PROJECT SUMMARY
Over the last two decades, a growing literature has demonstrated that social factors drive both drug use and
infectious diseases such as HIV. Simultaneously, epidemic modeling has become vital for reducing the spread
of HIV, as it allows insight into mechanisms of spread, forecasts future incidence, and provides guidance on
effective intervention strategies. However, despite all their power and complexity, these epidemic models still
often lack realistic social data, as network and contextual data reflective of the most at-risk populations are
often deemed too methodologically challenging to capture. In line with the urgent need for data capture tools
which enable researchers to understand the social context around the most at-risk populations, our
interdisciplinary team has developed a free, open-source, NIH BD2K-funded software suite called Network
Canvas (R01DA042711). While Network Canvas has already substantially improved the ability of researchers
to quickly and accurately capture complex network and contextual data, to be useful for HIV elimination, our
existing tool requires optimization to further improve its timely and broad reach to the most at-risk populations,
as well as enhancements that will modernize the tool to better meet the needs of epidemic modelers. In
particular, we must transition Network Canvas to a Hybrid Cloud Model, developing a cloud-based software
platform that will enhance the ability of researchers to robustly capture data remotely and at scale, as well as
reach the most essential but hard-to-reach populations. Additionally, we propose user-engagement and
evaluation activities to inform the software's design and rigorously evaluate its value and impact on the
measurement of networks relevant to epidemic modeling and HIV. Through the work proposed within the
current project, we aim to: 1) Enhance data reproducibility, timeliness, and measurement for researchers; 2)

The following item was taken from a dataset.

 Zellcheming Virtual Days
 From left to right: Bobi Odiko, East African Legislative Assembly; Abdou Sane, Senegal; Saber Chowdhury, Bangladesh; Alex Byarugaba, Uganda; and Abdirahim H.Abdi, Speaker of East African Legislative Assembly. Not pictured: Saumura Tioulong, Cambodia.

Enhance the availability and accessibility for study participants; 3) Rigorously evaluate the tool's impact on the
measurement of sexual and drug networks. This work will result in both an enhanced free and open-source
tool and an increased scientific understanding of the value and impact of the tool for capturing crucial data
relevant to HIV and drug use. Finally, just as we have done over the last five-year period, this project will
employ a strong plan for user engagement where we build partnerships with and actively employ iterative
feedback from relevant research communities to shape software features and functionality. Feedback would
be sought widely - from our highly accomplished Scientific Advisory Board (SAB); from our collaborative pilot
partnerships with researchers who hold strong NIH-funded drug use, HIV, and epidemic modeling research
portfolios; and from at-risk populations themselves. This development approach is key in ensuring community
buy-in, accelerated adoption, and long-term sustainability of our tools.